## PROVIDED MATERIAL
__________________________________________________
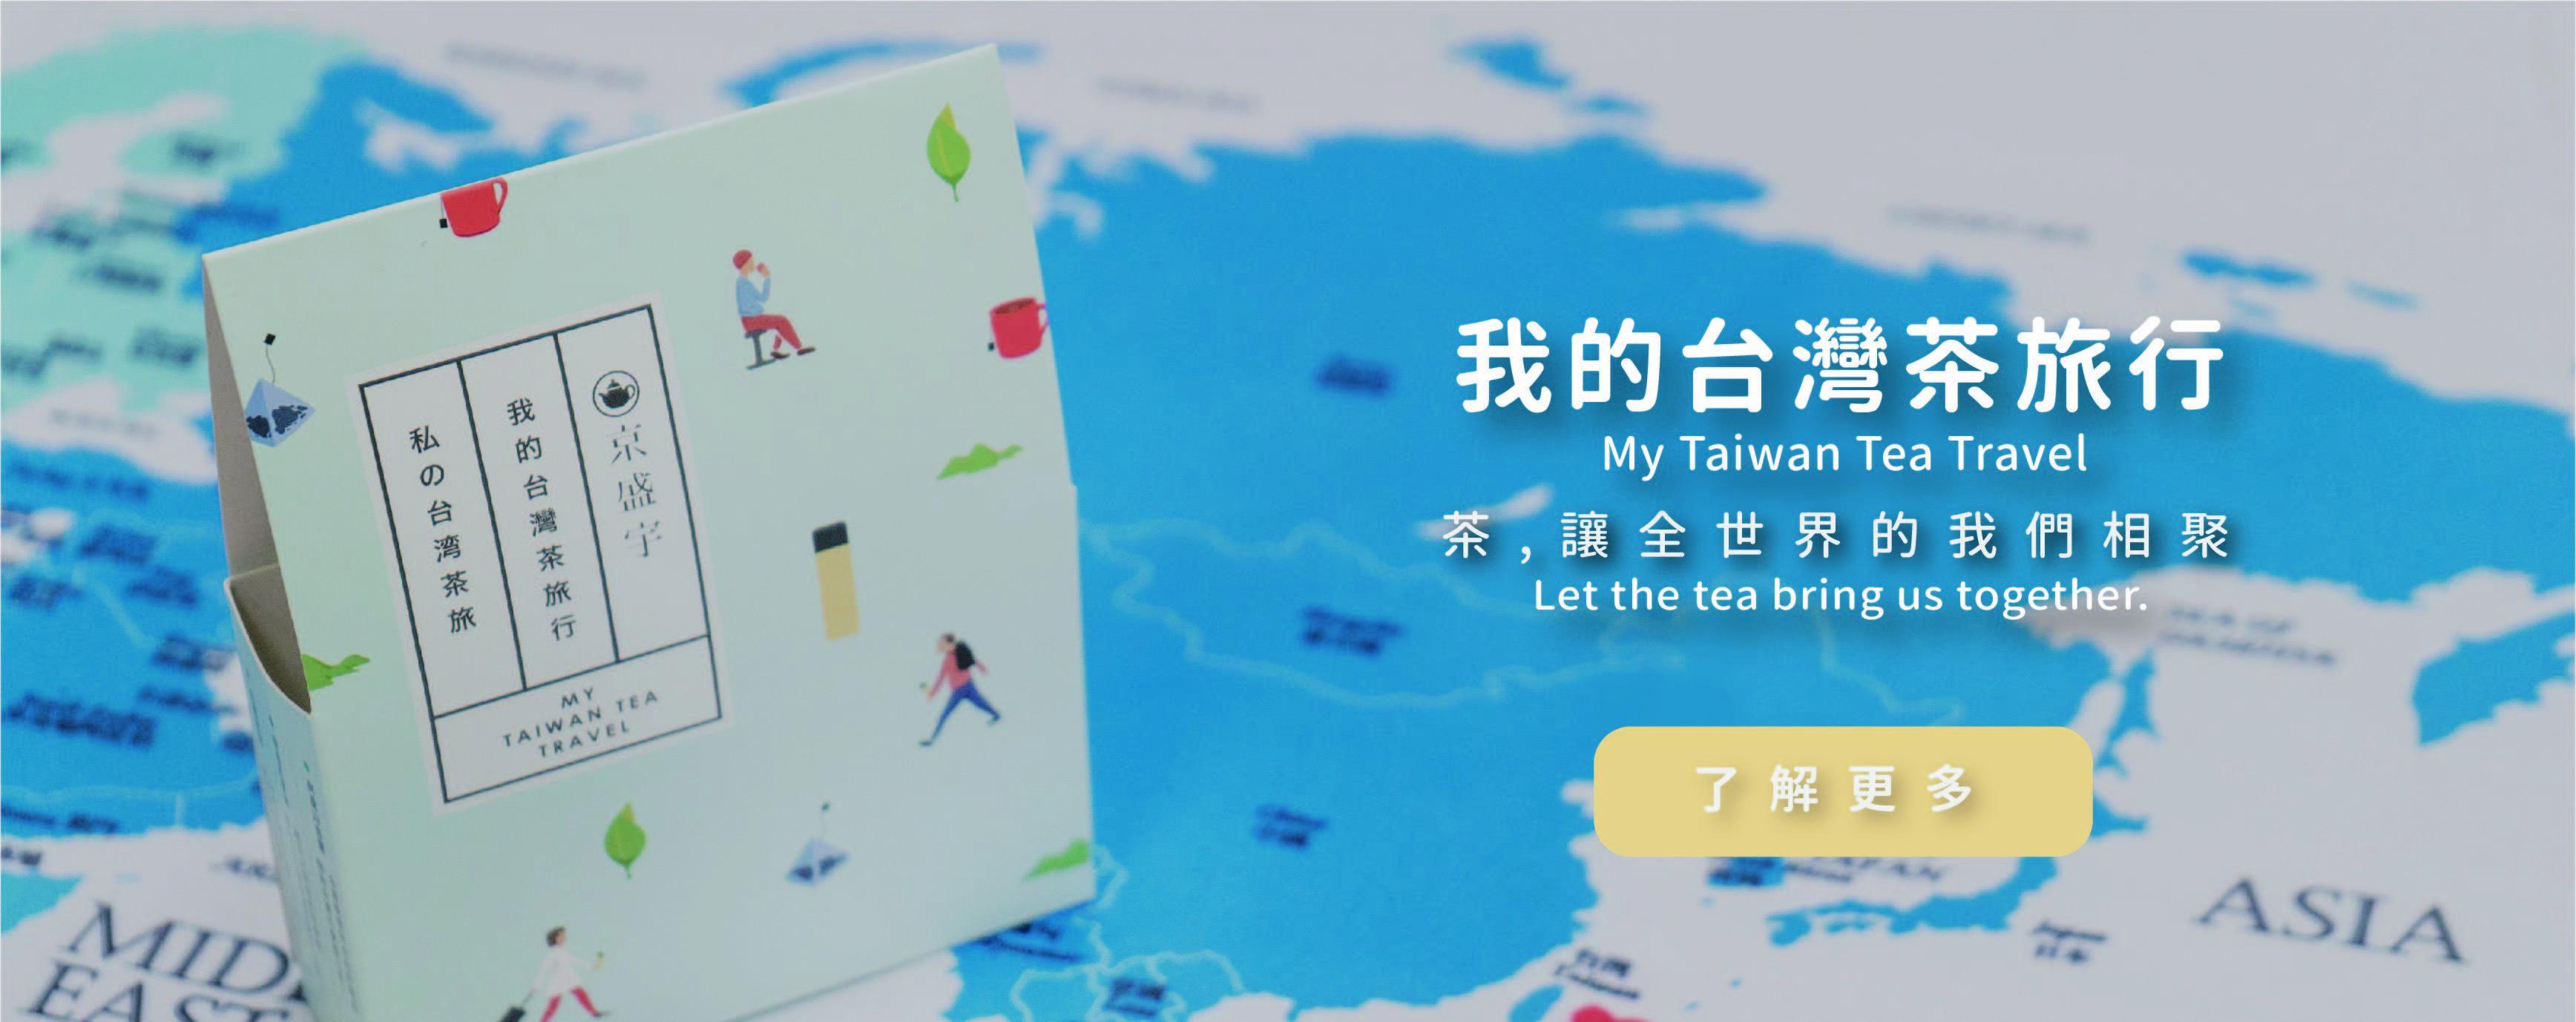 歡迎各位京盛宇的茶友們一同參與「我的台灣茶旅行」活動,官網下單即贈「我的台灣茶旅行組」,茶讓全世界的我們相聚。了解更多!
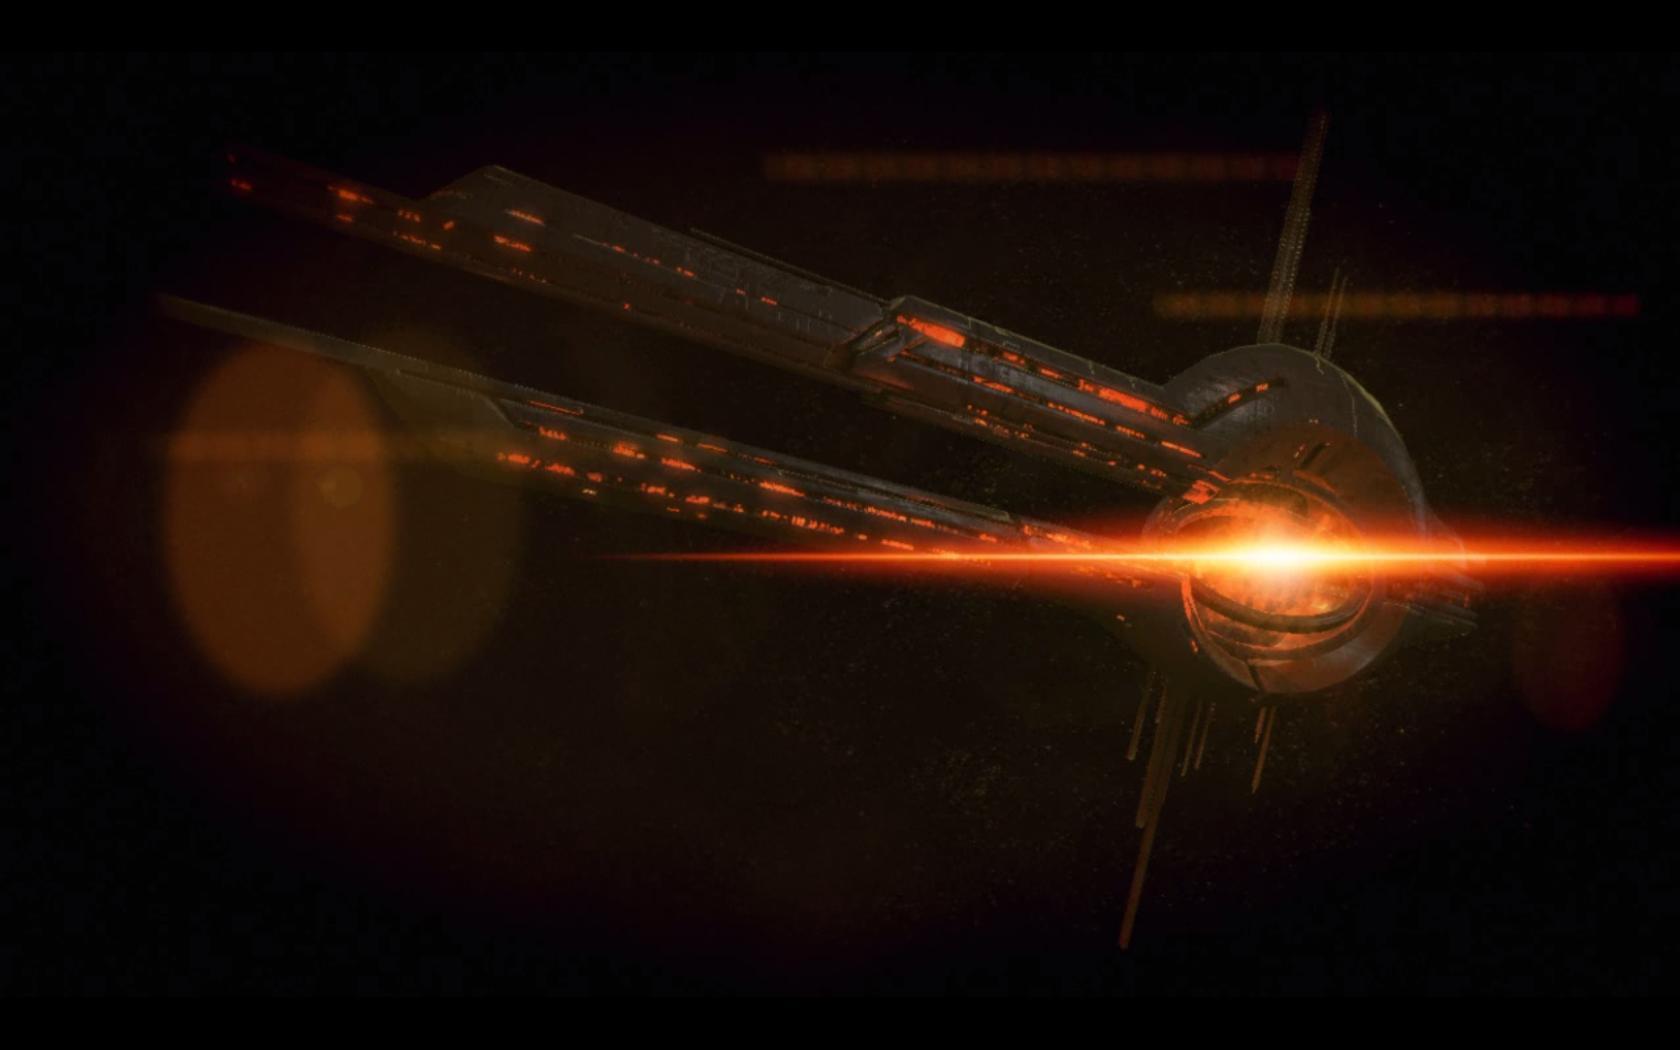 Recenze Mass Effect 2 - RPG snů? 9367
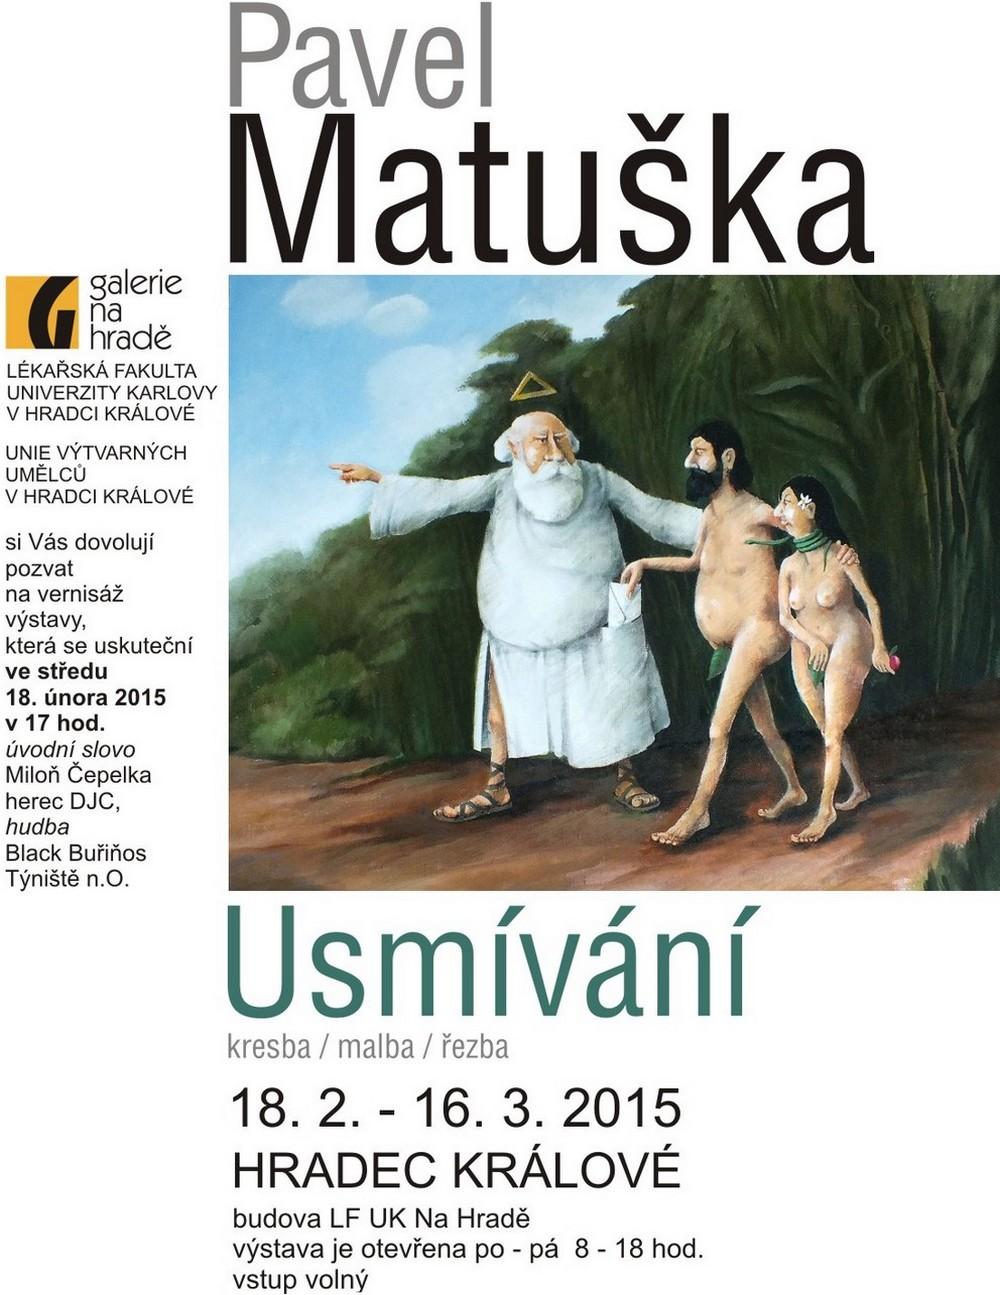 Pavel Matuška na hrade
__________________________________________________
## EXERCISE DESCRIPTION
Reprint the listing above verbatim but drop the images.

## SOLUTION FOR THIS EXERCISE
 歡迎各位京盛宇的茶友們一同參與「我的台灣茶旅行」活動,官網下單即贈「我的台灣茶旅行組」,茶讓全世界的我們相聚。了解更多!
 Recenze Mass Effect 2 - RPG snů? 9367
 Pavel Matuška na hrade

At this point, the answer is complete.